__Task statement__
Take the lines from the one containing "Front image of" through the end of the material and write them out exactly, omitting pictures.

__Material provided__
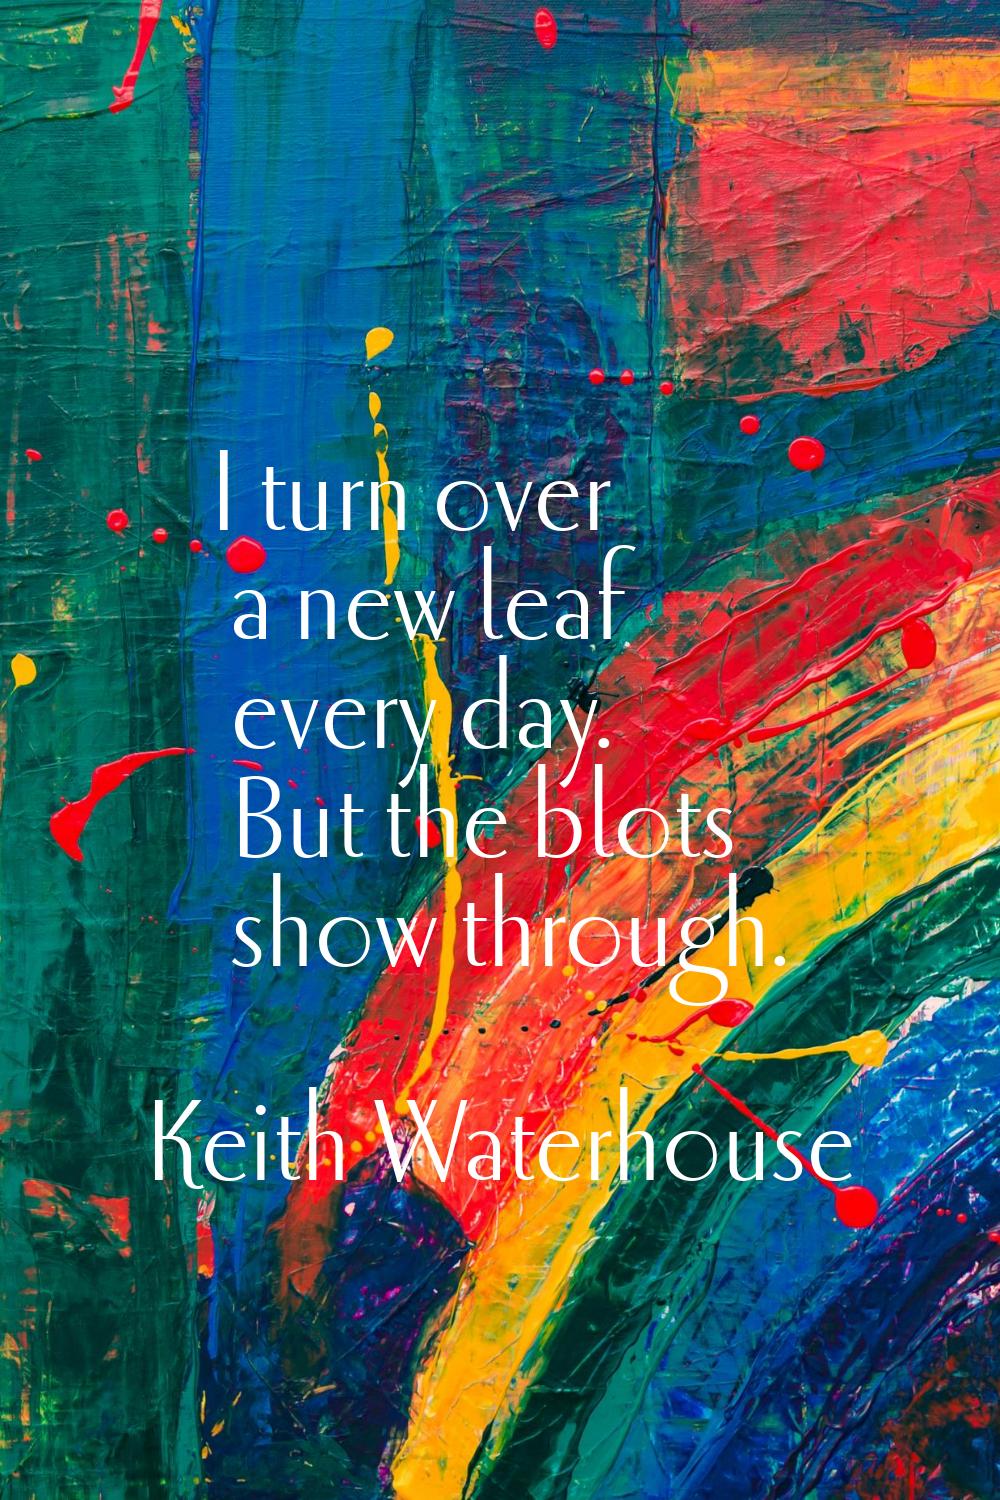 I turn over a new leaf every day. But the blots show through.
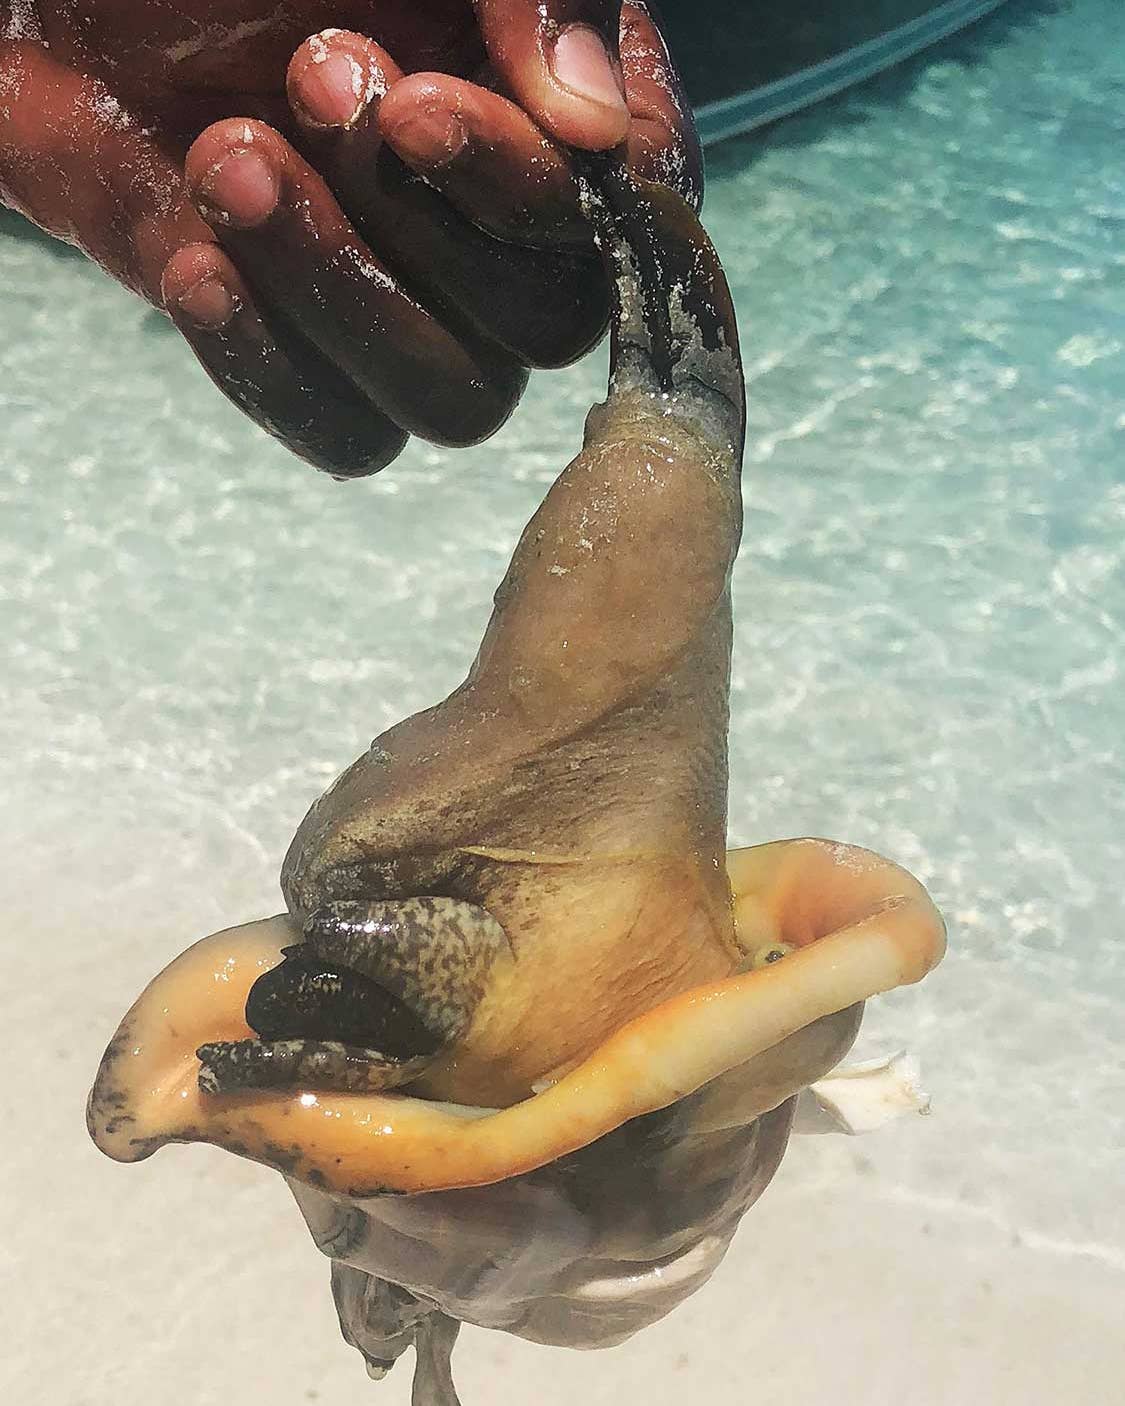 In Turks and Caicos, Conch Is Queen
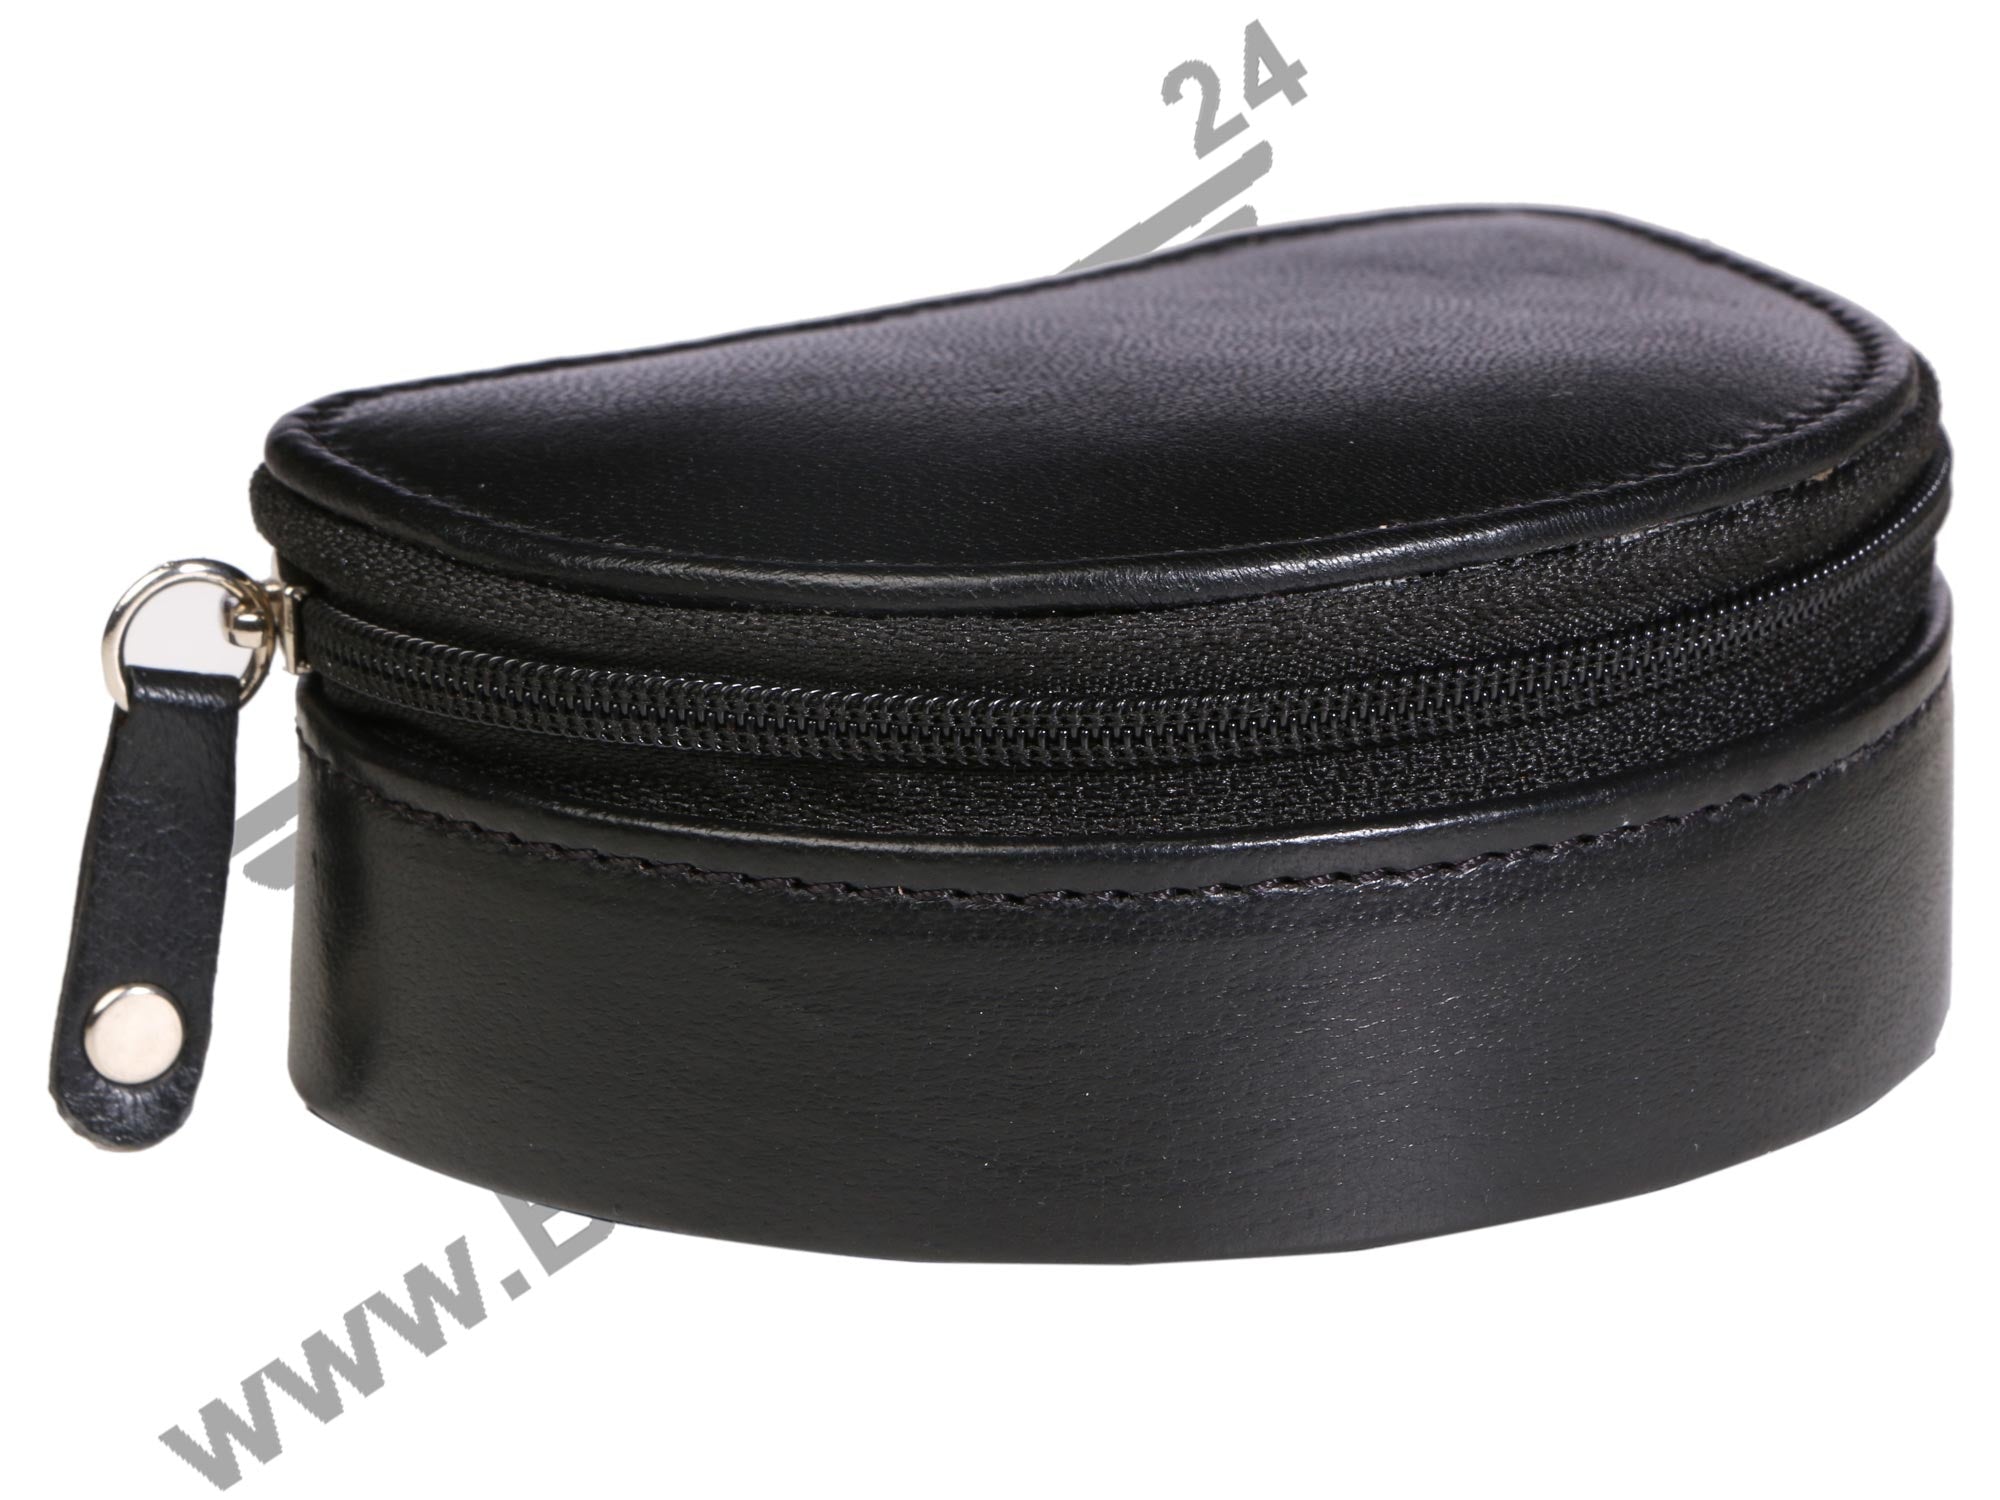 Front image of black TRAVEL SMALL JEWELERY CASE. The lid is zipped.
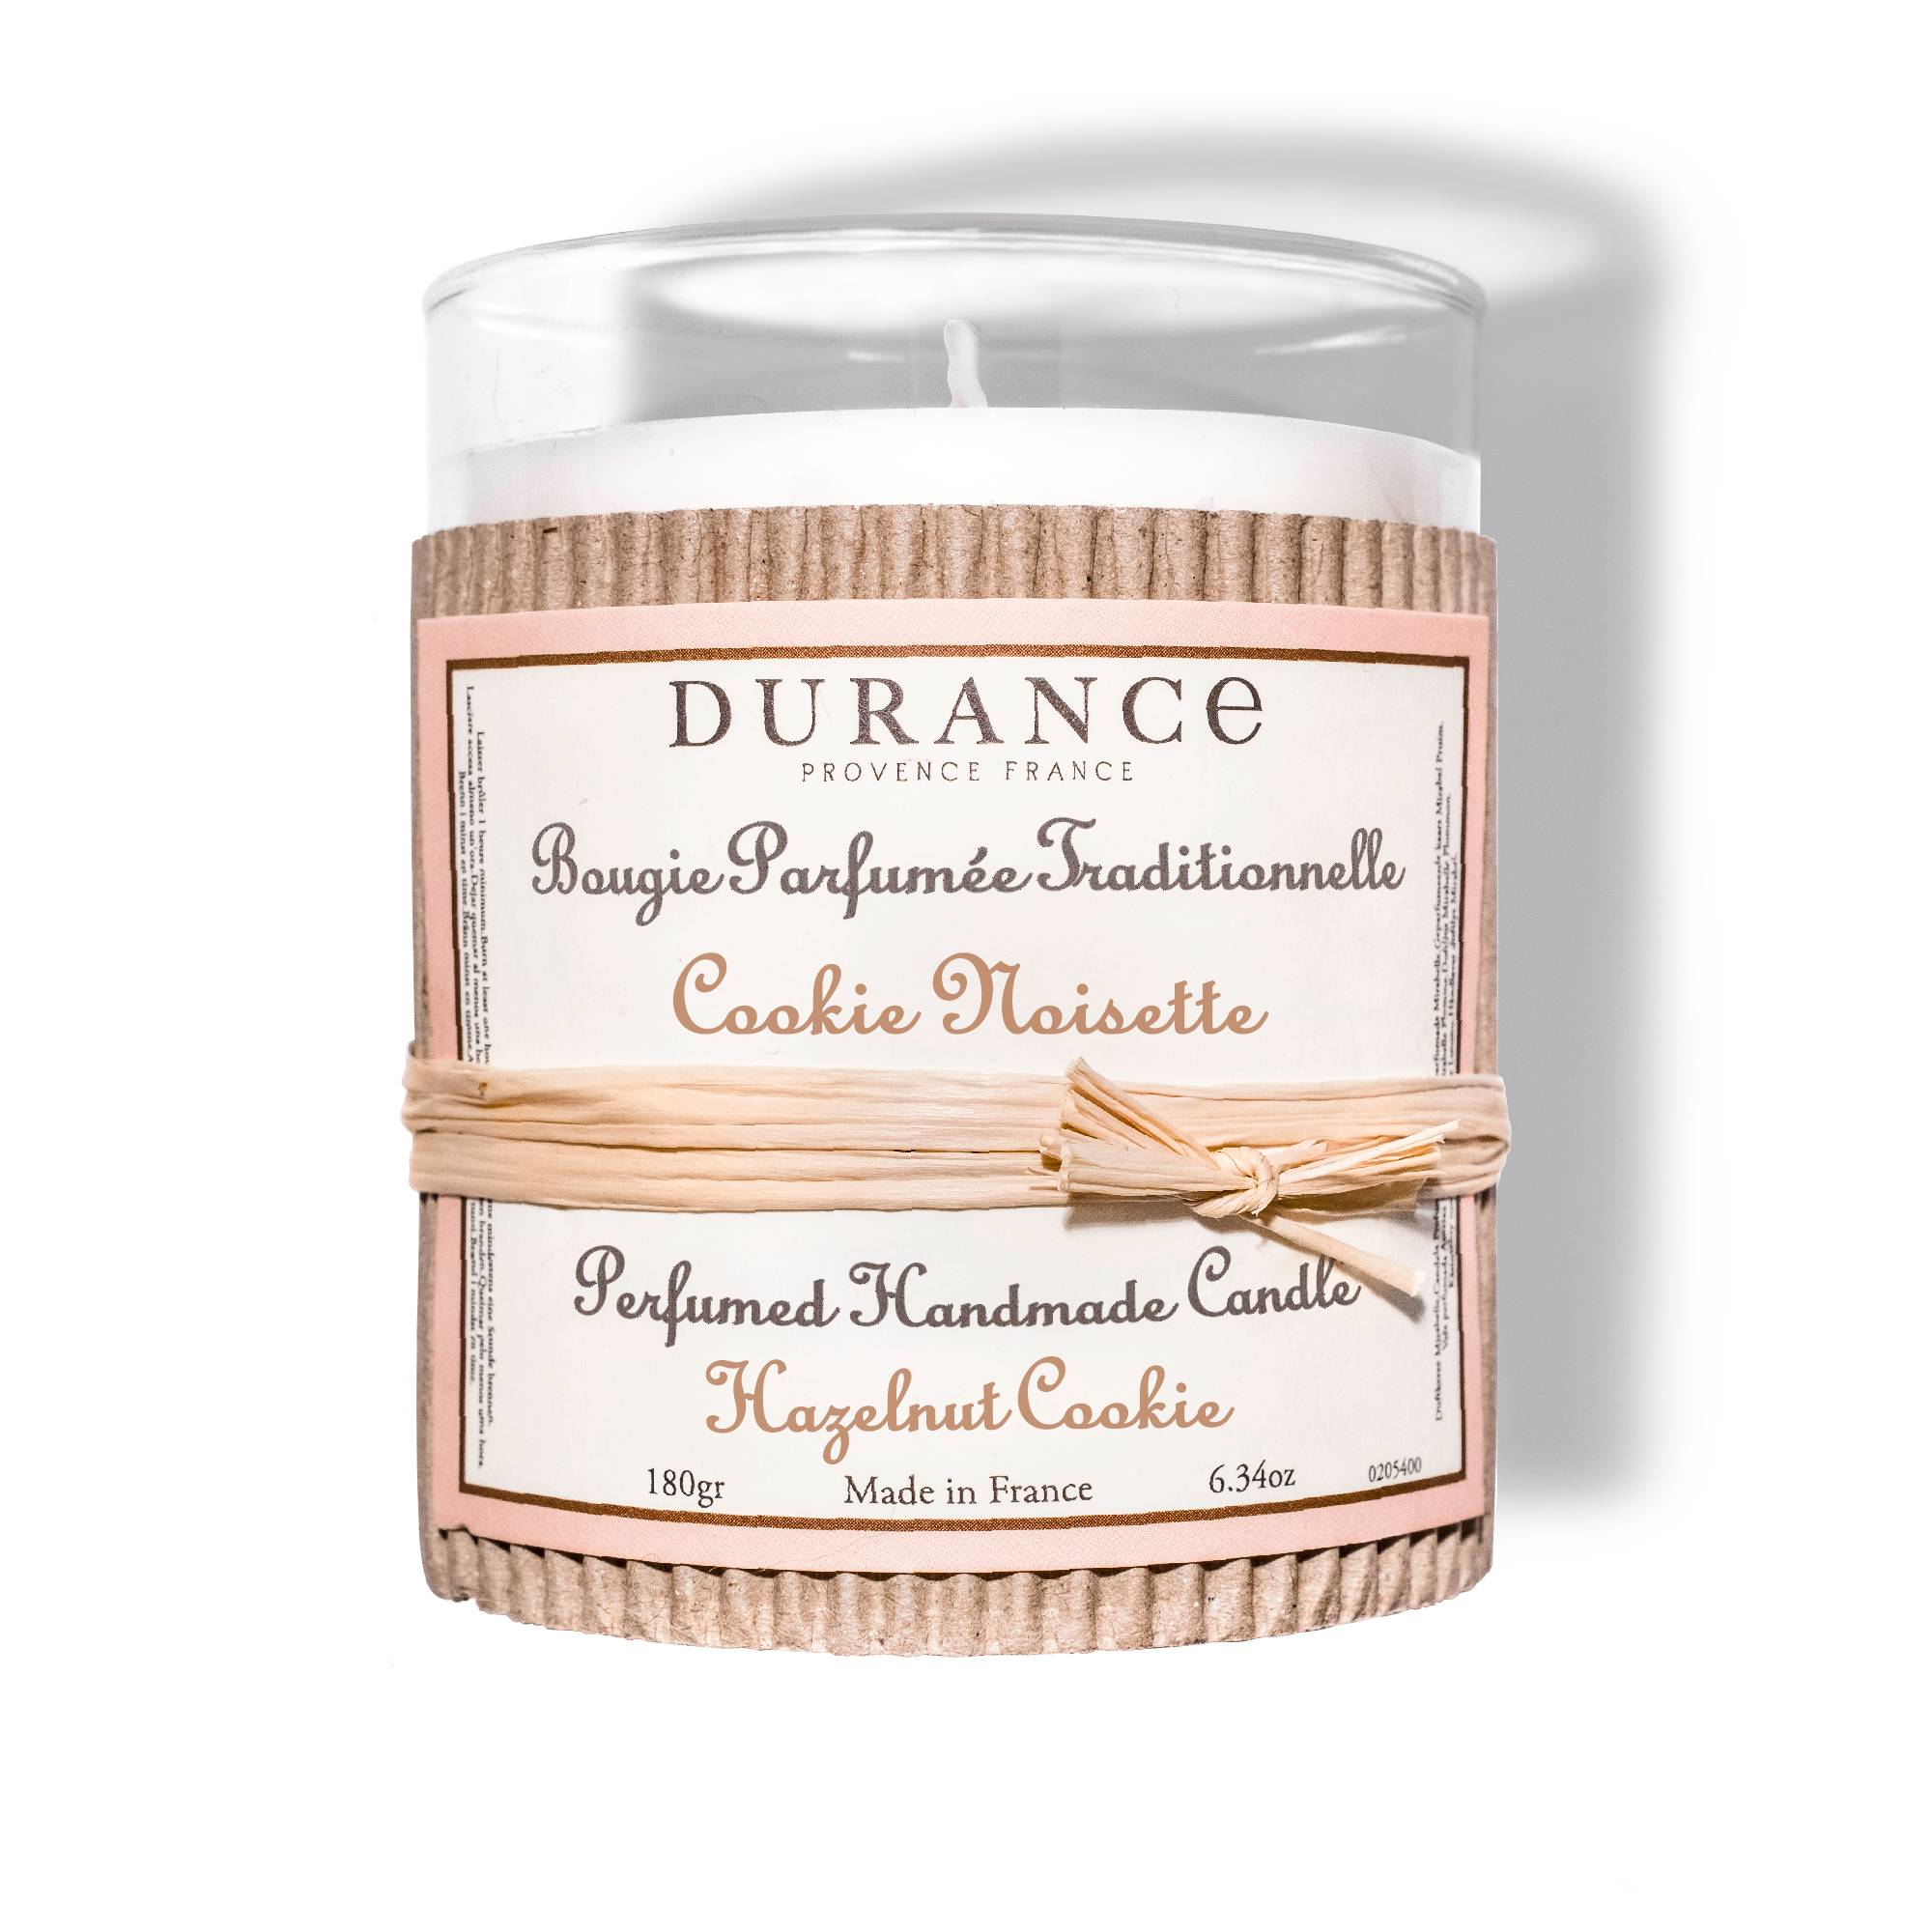 Bougie Traditionnelle Cookie Noisette 180g - Durance

__Result of the exercise__
 Front image of black TRAVEL SMALL JEWELERY CASE. The lid is zipped.
 Bougie Traditionnelle Cookie Noisette 180g - Durance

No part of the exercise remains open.